▶ What you have to do: Output the listing below exactly, minus its images.

▶ Collected material:
---
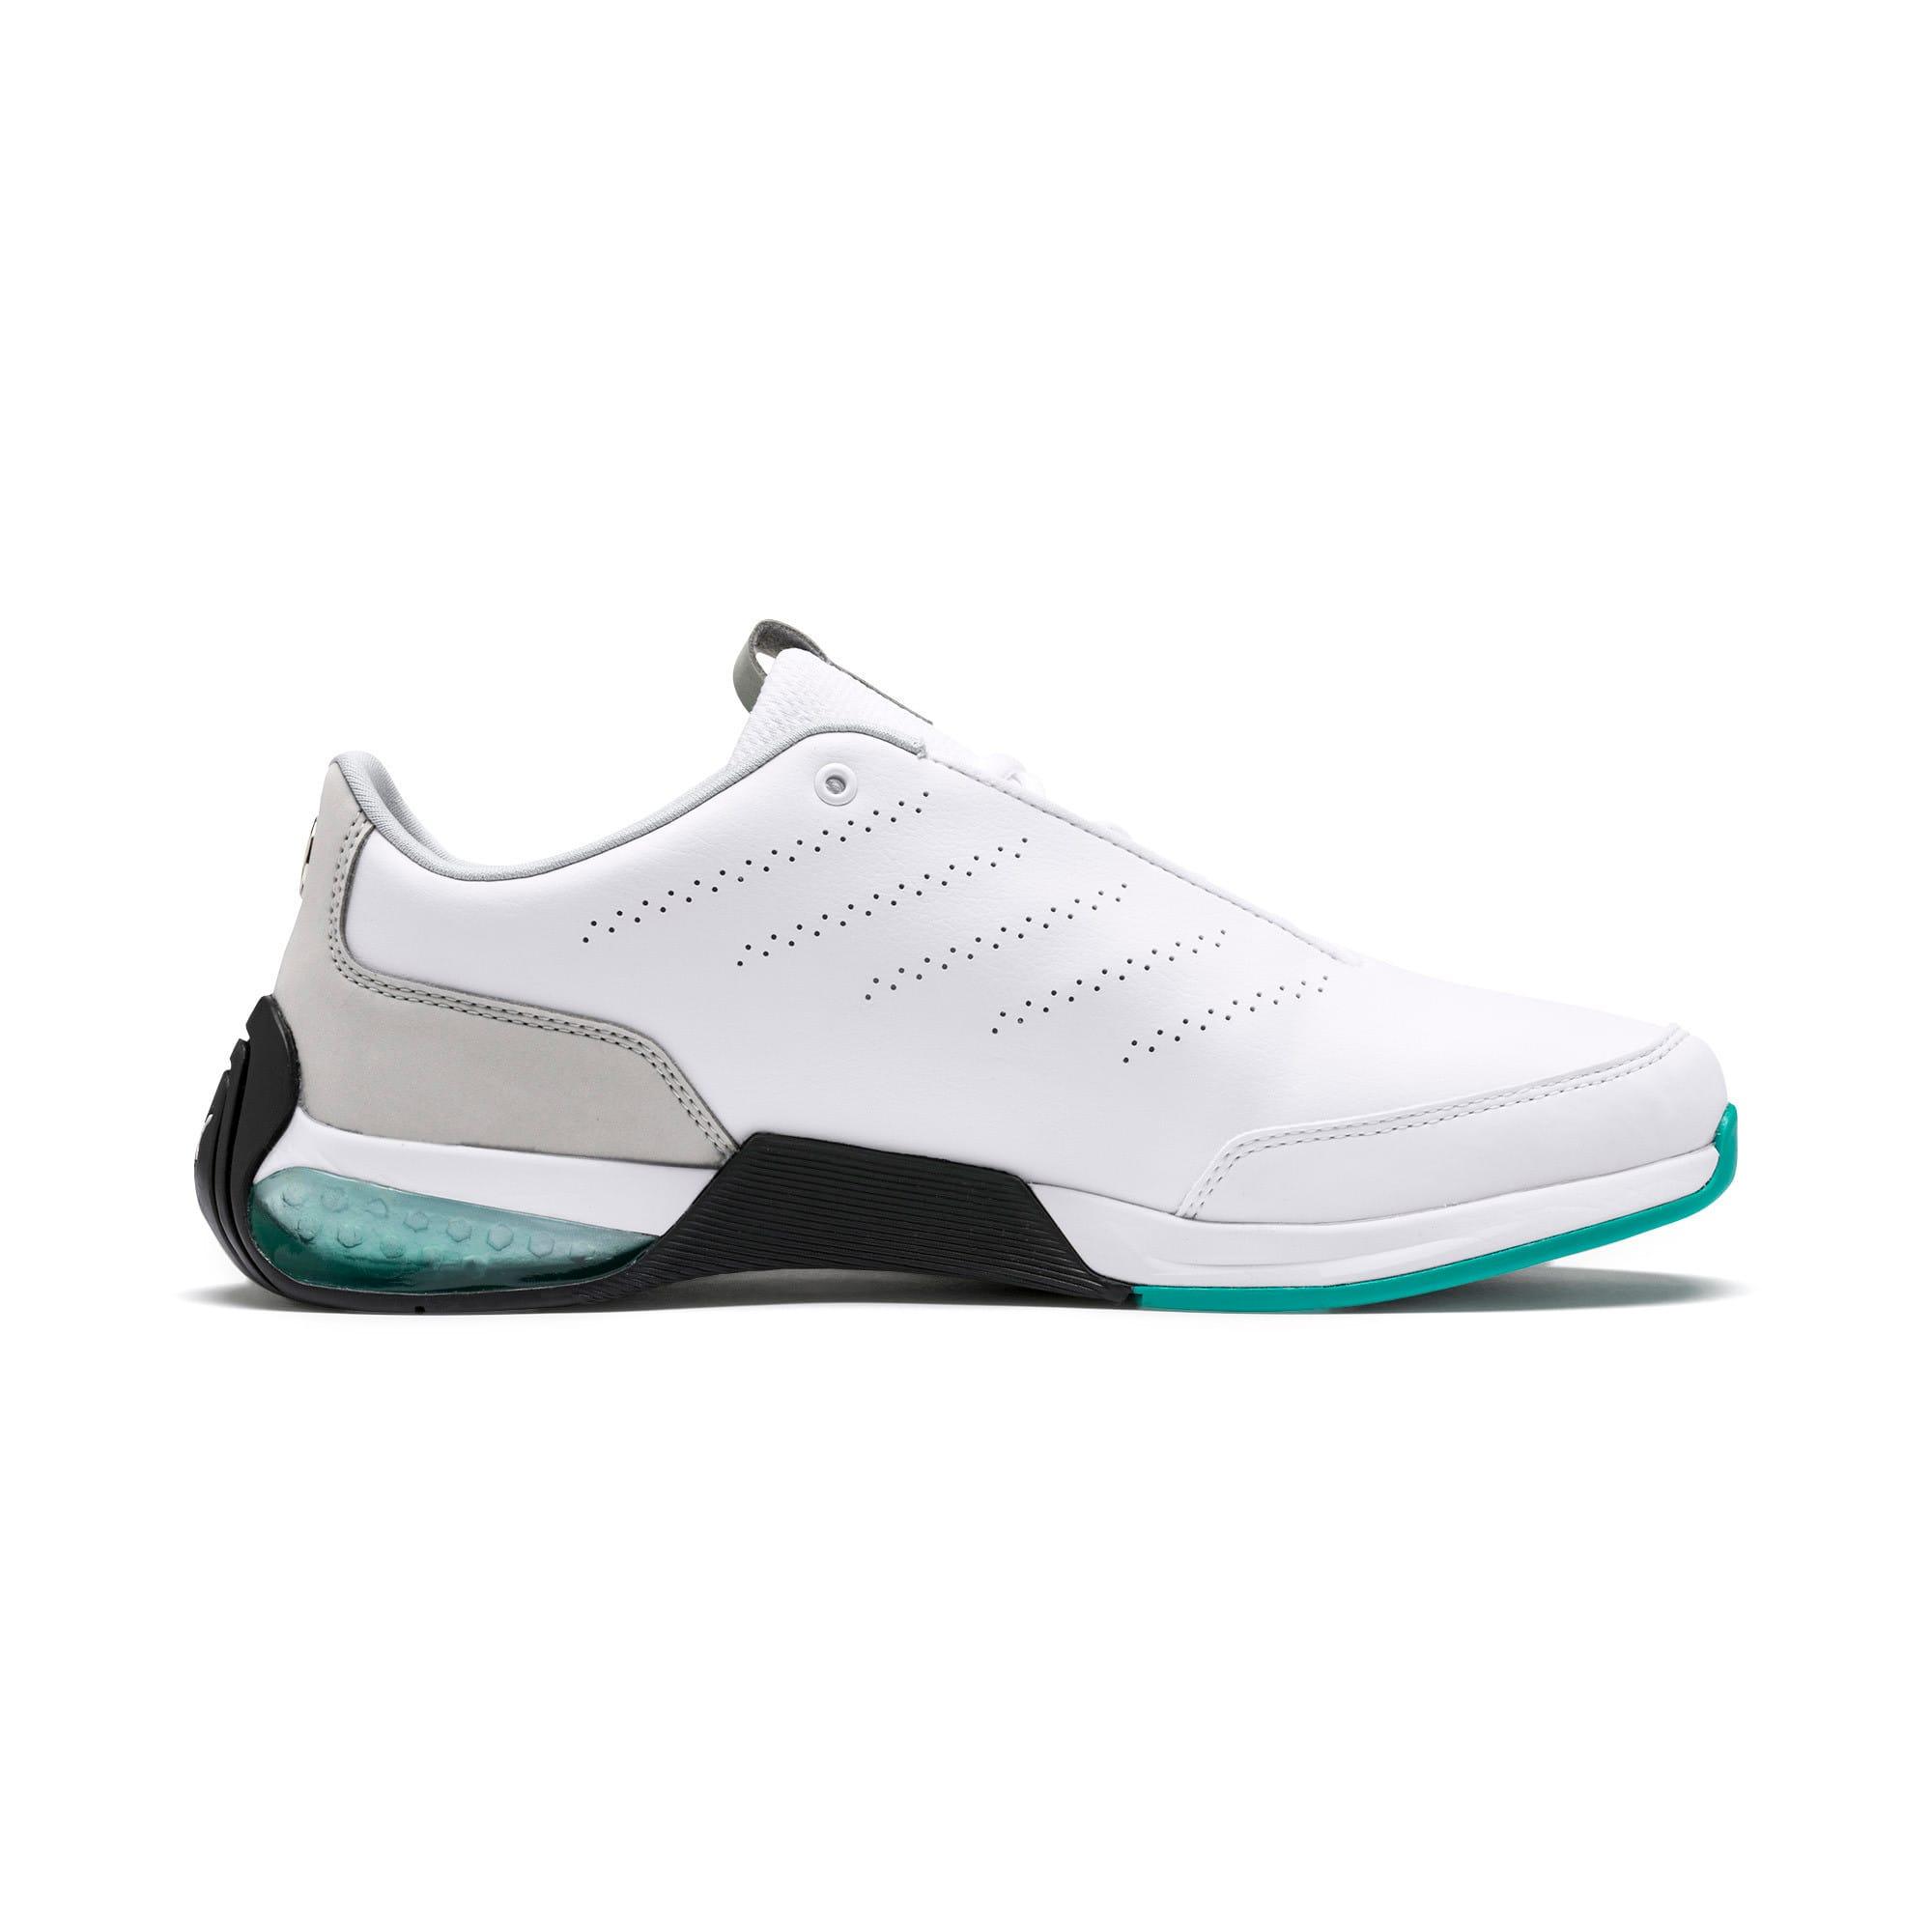 Thumbnail 6 of Mercedes AMG Petronas Kart Cat X Training Shoes, Puma White-Mercedes Silver, medium
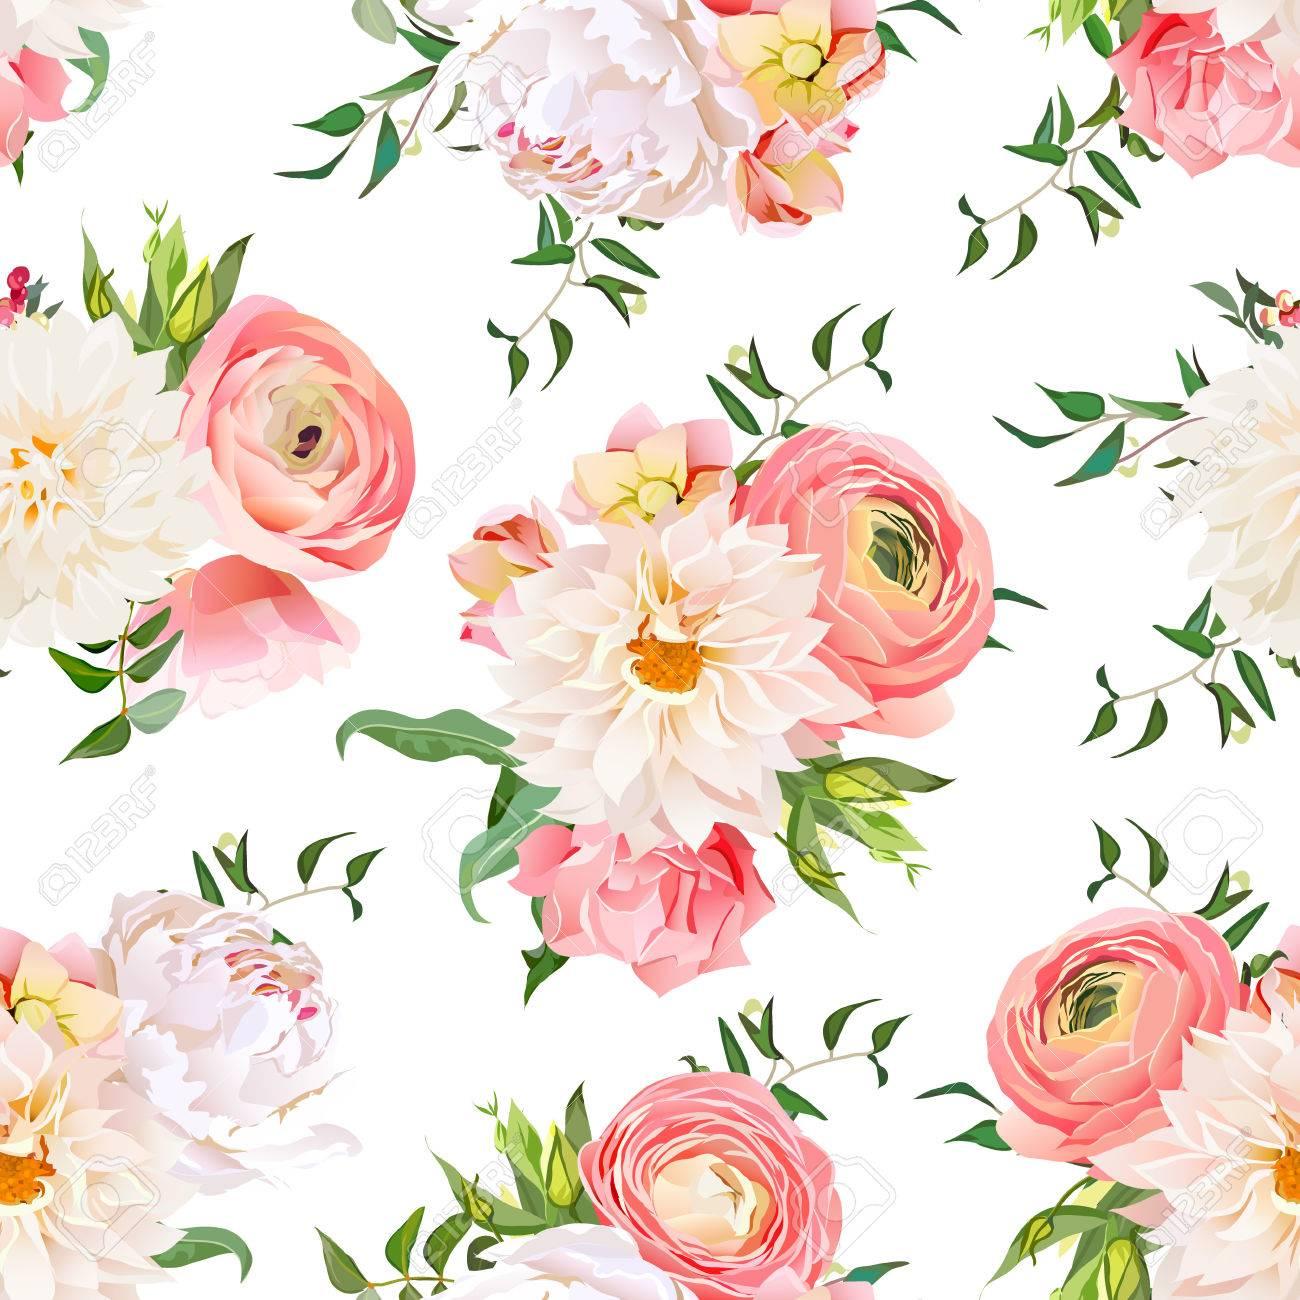 Garden Rose And Peony dahlia, ranunculus, rose and peony seamless pattern. romantic
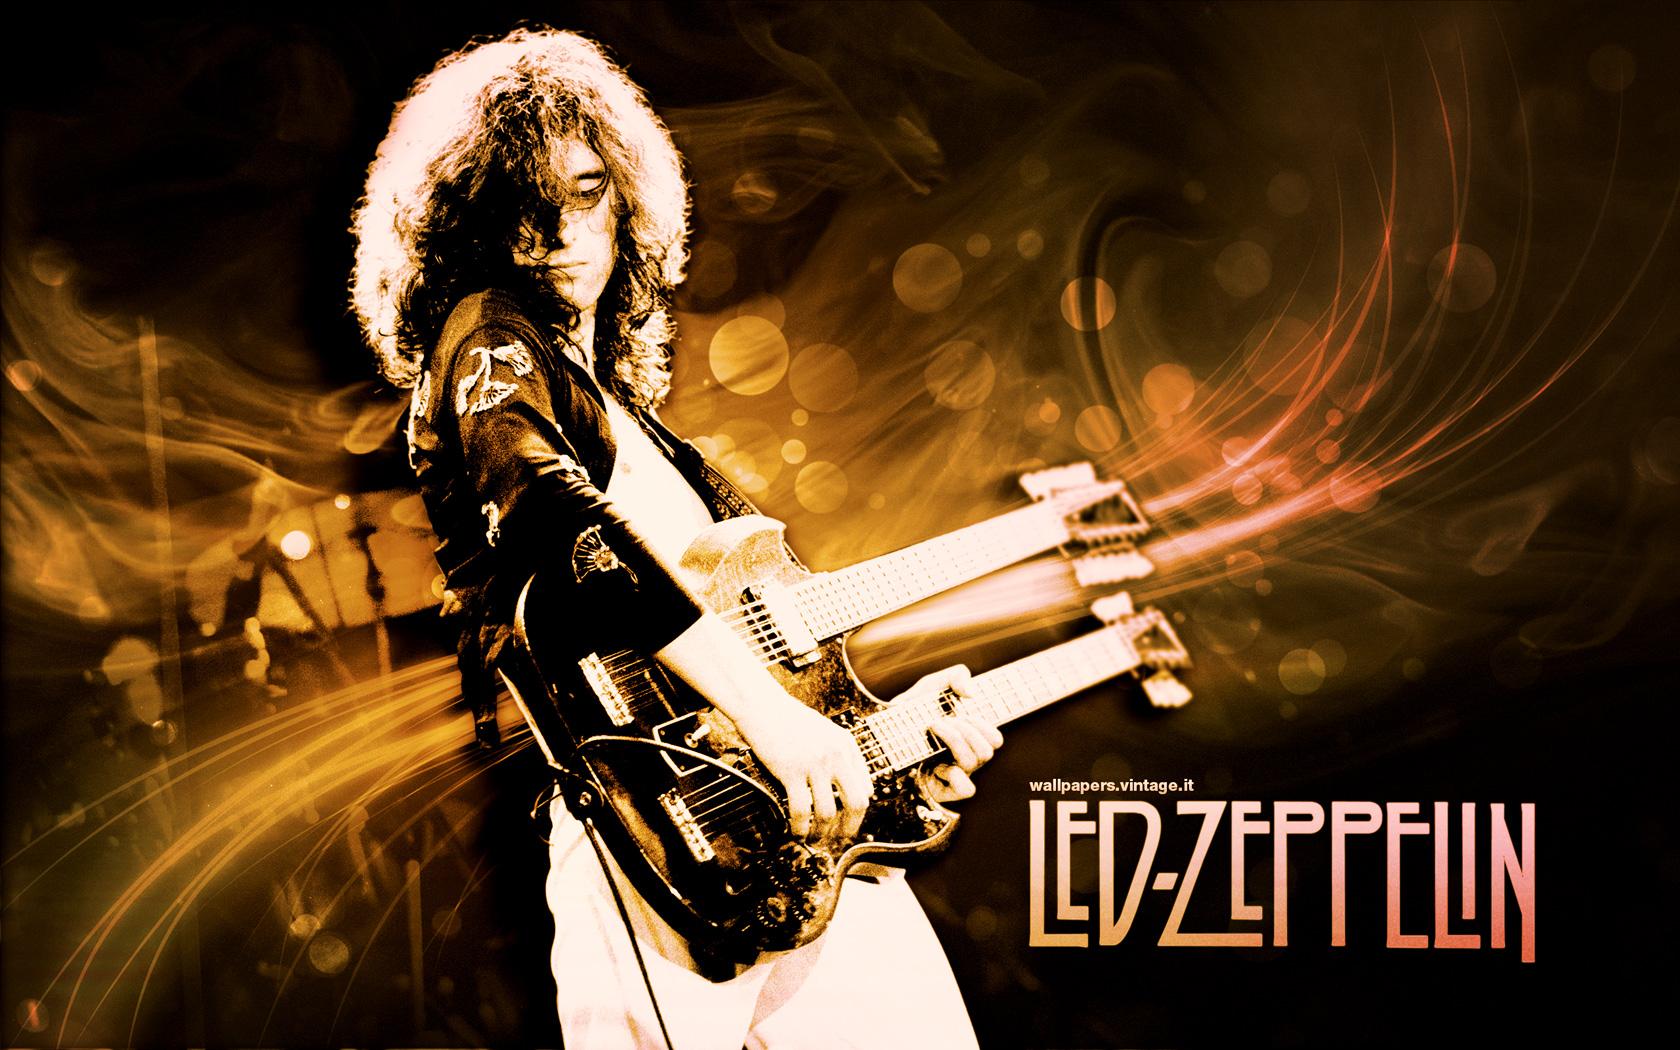 50 Music Wallpaper For Ipad On Wallpapersafari: Led Zeppelin Phone Wallpaper
---
▶ Response to this task:
 Thumbnail 6 of Mercedes AMG Petronas Kart Cat X Training Shoes, Puma White-Mercedes Silver, medium
 Garden Rose And Peony dahlia, ranunculus, rose and peony seamless pattern. romantic
 50 Music Wallpaper For Ipad On Wallpapersafari: Led Zeppelin Phone Wallpaper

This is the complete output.